Chips are strategic! It is time to rethink the supply chain. OEMs are enjoying a free semiconductor ride — $35-$450 vs. semiconductor firms $9. We need to look at strategic visionaries, long-term balance sheet security, total cost of business, etc. We are now looking at ‘Partnership’ business model. and long-term goals and shared visions.

Semiconductor industry is structurally unstable. Shortages are triggered by under capacity, leading to under investment and increased demand. Oversupply is triggered by excess capacity, leading to over investment and market collapse.

It is impossible to achieve sustainable supply and demand balance. Demand can change very rapidly (up and down), but, capacity can’t! The industry needs a new model. OEMs also need to share capex business risk. This is what the semiconductor industry and the Chips Acts really should be focusing on. Whoever resolves this conundrum really will gain a strategic edge.

Points to ponder!
So, what’s keeping the chip industry executives awake at night? How sustainable is the current value-based rebound? Well, its not until IC unit growth returns. When will unit growth return? It’s unlikely before Q2-2024. Can the world economy continue to defy gravity forever? Extremely unlikely, but no-one knows when/how the correction will come. Is the current surge in ASPs a false dawn? Its part of the normal cycle.

Is the ‘recovery’ overstated, measured against last year’s bad data? Probably, yes! But, beware the risk of ‘spreadsheet’ vs. ‘real market’ recovery. Is this the start of next semiconductor supercycle? Well, not yet!

Is AI the next industry killer product or hype? Well, both-ish! It’s a product enabler. Will the Chip Acts save or overstimulate the industry? Both! Its the caveat emptor? Caveat emptor is a Latin phrase that translates to “let the buyer beware”. Finally, how will the current China policy play out? Its a case of right problem, but wrong solution?

Summary
The 17th semiconductor industry up cycle started in Q1-2023 (ASP, not unit driven). 2024 forecast is now +16 percent (+12 percent bear and +20 percent bull). Enjoy the value growth spurt. But, beware ‘spreadsheet’ vs. ‘real recovery’. Worsening economic outlook will push recovery into bear territory.

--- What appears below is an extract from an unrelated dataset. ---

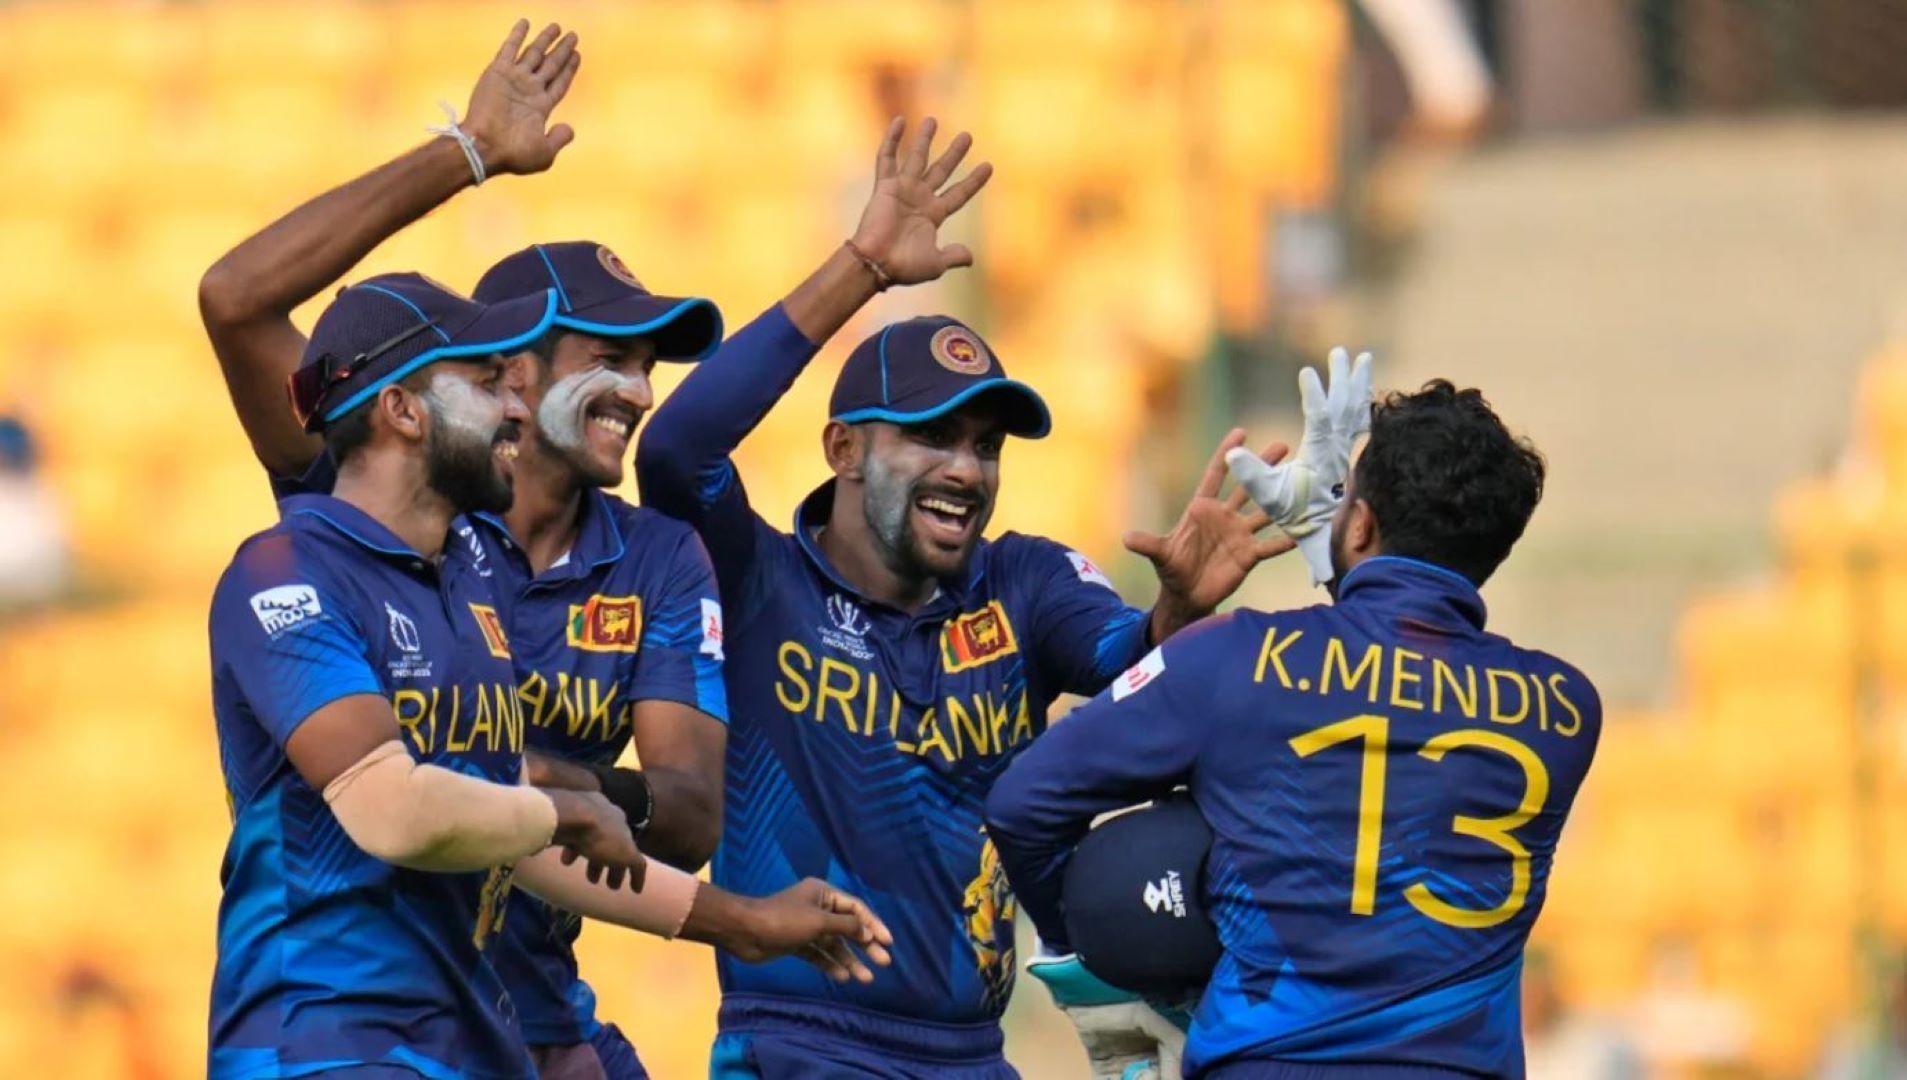 Sri Lanka are making a comeback into the World Cup with back-to-back wins.

Now, more than ever, keep an eye on the data. It’s not yet time to break open the champagne! Keep track of the industry fundamentals – it’s rarely “different this time. Don’t overthink or overhype – AI is more artificial plagiarism, not intelligence! Finally, prepare for a slowdown in value growth and plan for an untick in unit demand. Keep your eyes peeled for clues. Act decisively when needed!